As to the notion that some of the adoptee groups don’t play well with others, and so are not invited to this sandbox: Enough. There are many, many adult adoptee groups and adoptee professionals working in adoption. If the adoption agency groups have insights and inroads to the politicians–and it surely looks as though they do–why don’t they share their skills and experience with adoptee groups?

Is anyone else struck by the fact that some adoption agencies and adoption-related organizations don’t want to hear from, talk with, or work with some adopted adults who are now speaking out? These adoptees were brought to the US by these agencies and organizations.  Have the agencies no ethical responsibility to find common ground? Even (or especially) with adopted adults who’ve struggled mightily with loss and grief, who had horrific childhoods, or who view their adoption as a painful life event?

Is anyone else struck by the fact that the international adoption agencies and adoption-related organizations are not reaching out to first parents to provide post-adoption services to them, the way the services are provided (or at least offered) to US adoptive parents? Where is the integrity in that? For that matter, I’d love to see an evaluation of the pre-placement services provided to international first parents. Do the services match what is available to US birth/first parents? If not, why not?

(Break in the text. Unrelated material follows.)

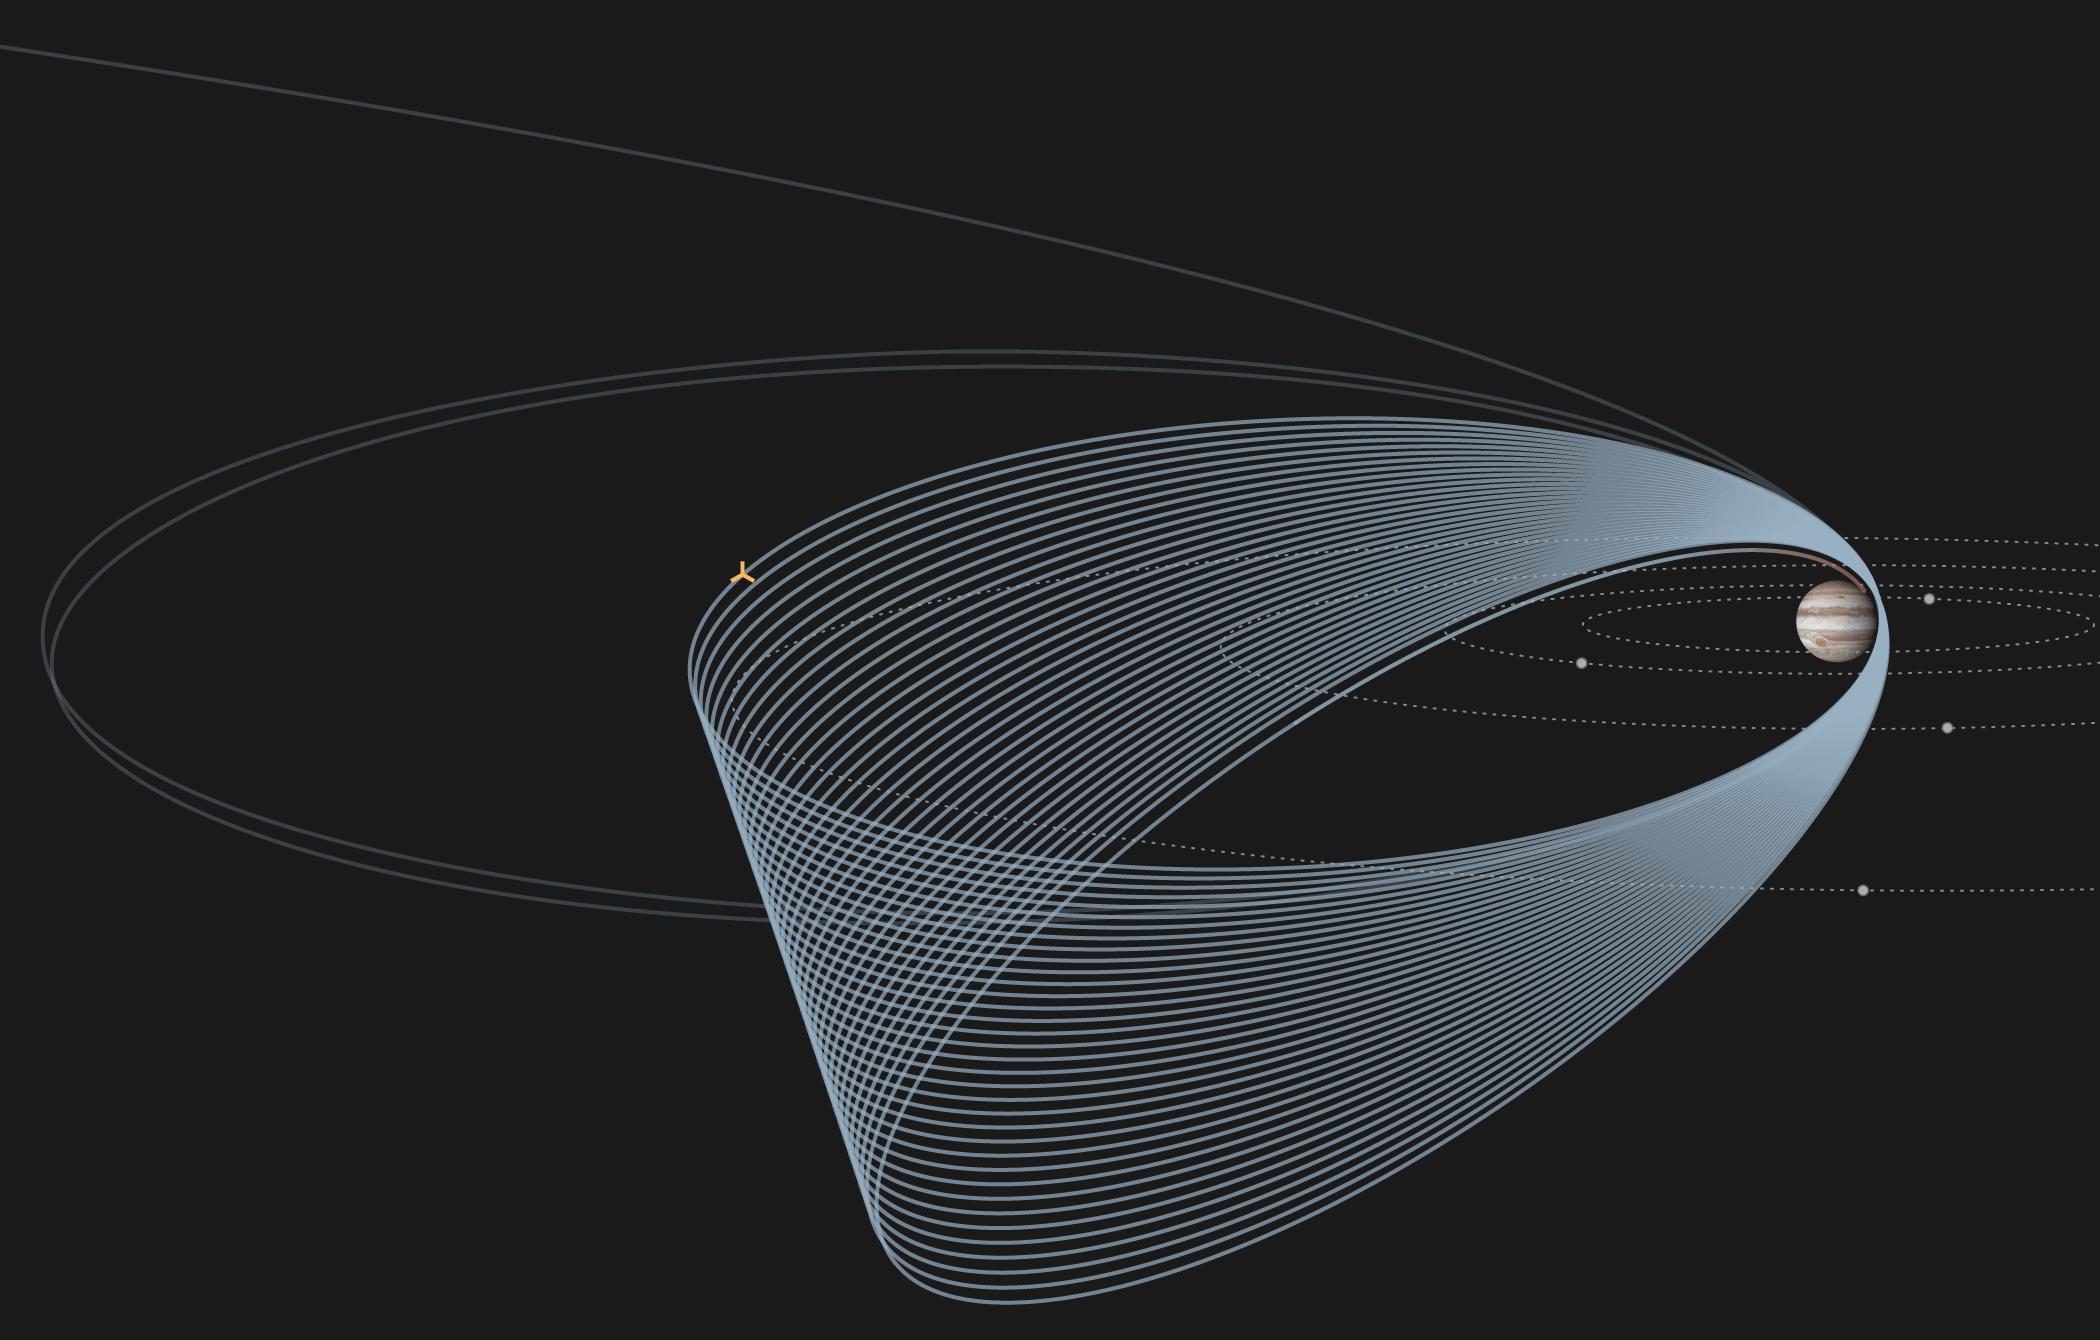 Juno's orbit around Jupiter.
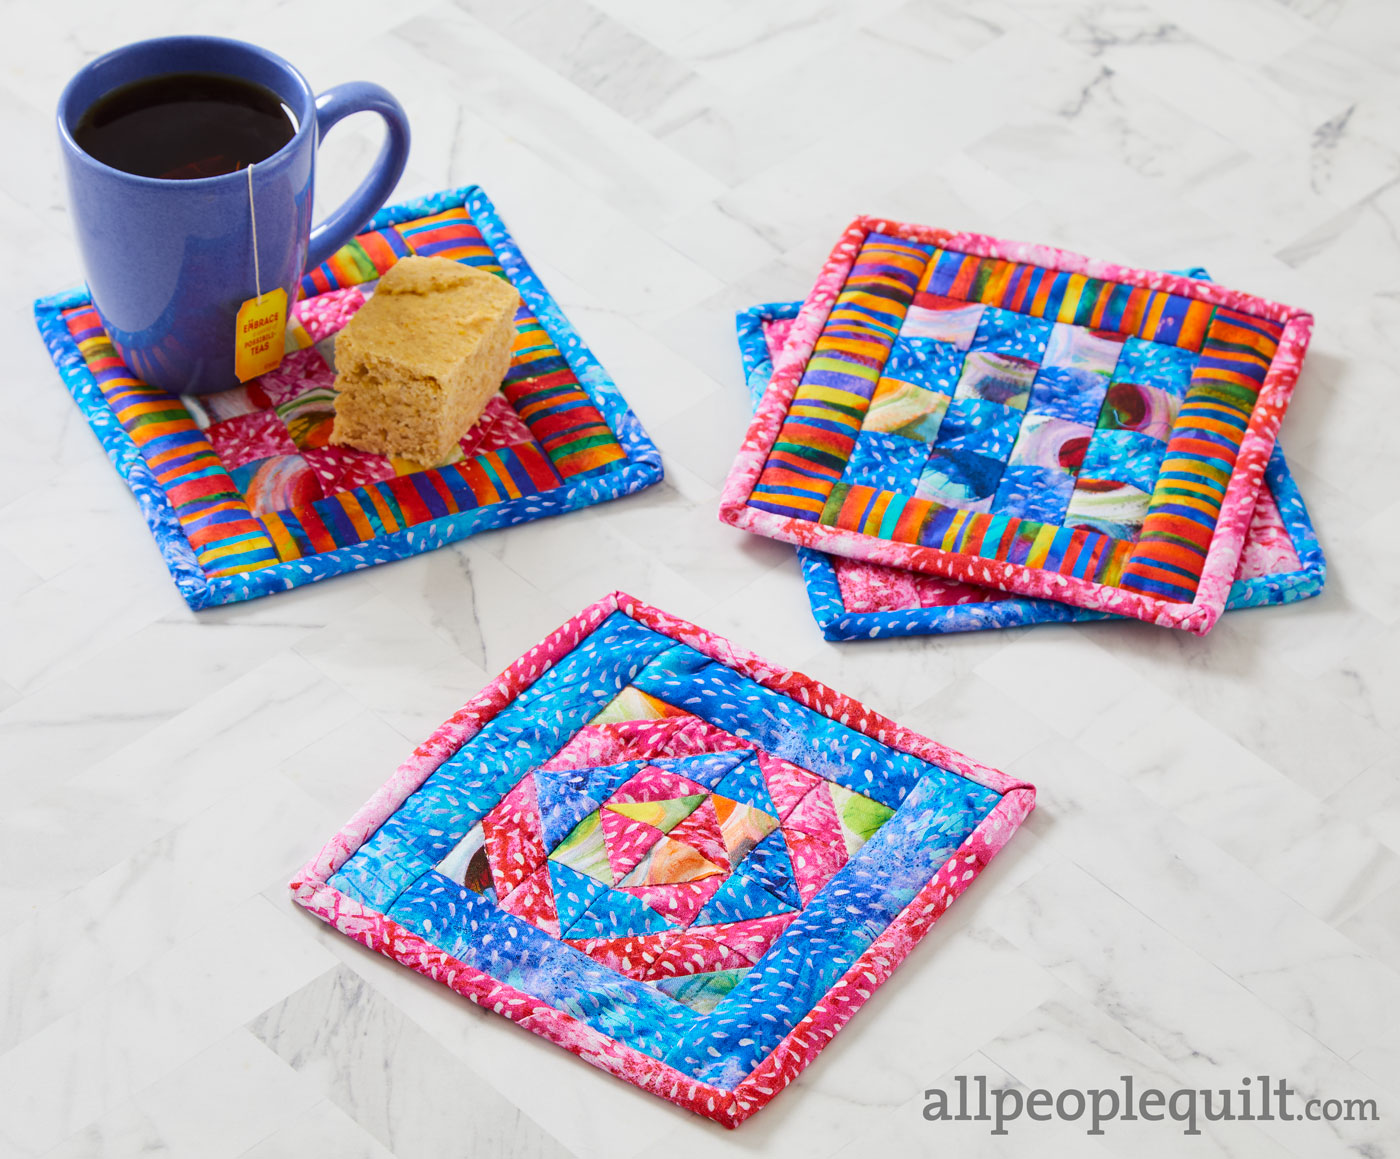 colorful mug rugs

Is anyone else struck by the fact that CHIFF is “about reallocating a small portion of the $2 billion the US Government already spends on assistance programs for children internationally” but doesn’t say how much that “small portion” is? The US government currently provides billions in the adoption tax credit, a fragment for the adoption of foster care children but primarily allocated to international and private adoptions. Your tax dollars are already hard at work reimbursing relatively well-off adoptive parents for travel and hotels overseas. We are talking huge amounts of money here, that could be spent far more responsibly.

Is anyone else struck by the fact that adoptive parents of internationally adopted children are often able, after placement, to quickly find out the true backgrounds of their children, backgrounds that are all too often not what the agency told them? Should we ignore the fact that increasing numbers adult adoptees travel back to their country of origin and find their truth is very different from what the agency told them, their first parents, and their adoptive parents?

Is anyone else heartbroken about the fact that internationally adopted children are “re-homed” in an underground Internet system, that internationally adopted children are showing up in increasing numbers in the US foster care system, and that some internationally adopted children adopted as teens to the US are thrown out of their families when they reach 18?

I am well aware that adoptive parents and adoption-related organizations hold the most power in adoption policy–for now. I am aware that some (though not all) adoptee groups are adversarial, even hostile. But let’s not dismiss the realities experienced by so-called difficult adoptees. (Arguably, we do that all too often as shown by the dearth of appropriate post-adoption services for adopted children and teens. There could be a correlation.) Let’s not hope that they just go away, now that they’ve grown up. Collaboration, not further marginalization, is the only way to move toward well-grounded adoption policy and reform.

Let’s invite adult adoptees and first families to the table, and stop repeating the same mistakes. Let’s not pour more money and time into international adoption policy that does not adequately meet the needs of current adoptees, prospective adoptees, and constantly-marginalized first families.